3. King argues that the trial court erred in denying his motion to suppress statements he made to authorities during the two days following the murder. Upon a review of the record, this Court finds no error.
Before King gave his first statement on September 14, 1994, he was told he was not under arrest, was told he could leave, was read his rights under Miranda v. Arizona, 384 U. S. 436 (86 SC 1602, 16 LE2d 694) (1966), and signed a waiver of those rights. After giving a statement in which he denied knowledge of the crimes, he was returned to his residence. King was arrested later that day on an unrelated warrant for aggravated assault, and he was questioned for a second time on the evening of September 15, 1994, after hearing his Miranda rights read again and signing another waiver of those rights. King was interviewed a third time in the early morning hours of September 16, 1994, and admitted being present during the armed robbery.

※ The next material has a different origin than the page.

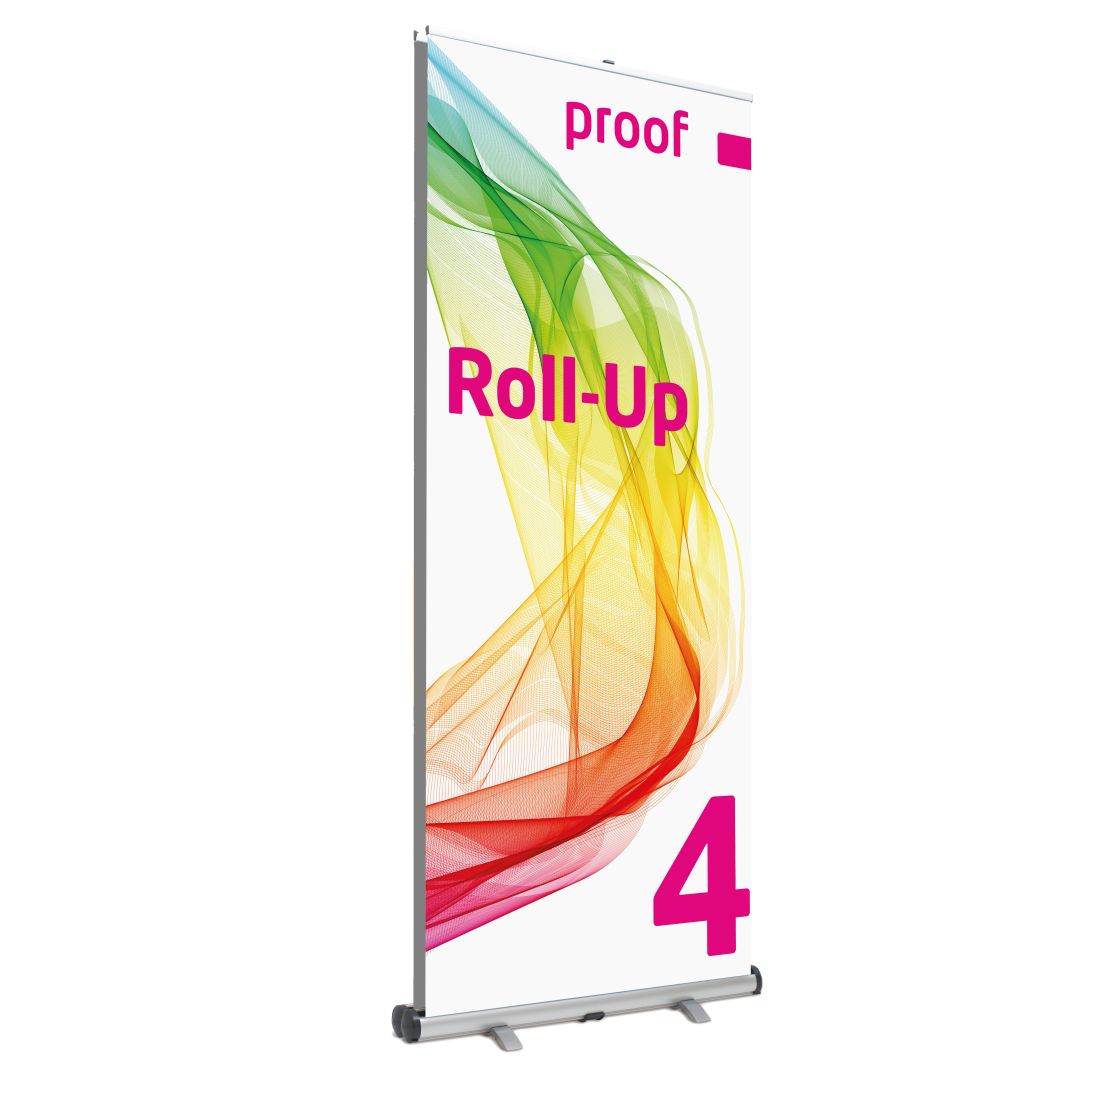 Proof.de farbverbindliches Roll-Up 4 in Proof-Qualität - Front

Before this third interview, King once again was read his Miranda rights and signed a waiver of those rights. A law enforcement officer testified at the suppression hearing that King did not appear to be suffering from any mental incapacity and did not appear to be "sleepy or confused or muddled." In light of the foregoing and upon a review of the record, this Court concludes that the trial court did not err in finding that King knowingly waived his Miranda rights and that his statements were voluntary. Miranda, 384 U. S. 436; OCGA 24-3-50
This Court has held that Riley v. State, 237 Ga. 124 (226 SE2d 922) (1976)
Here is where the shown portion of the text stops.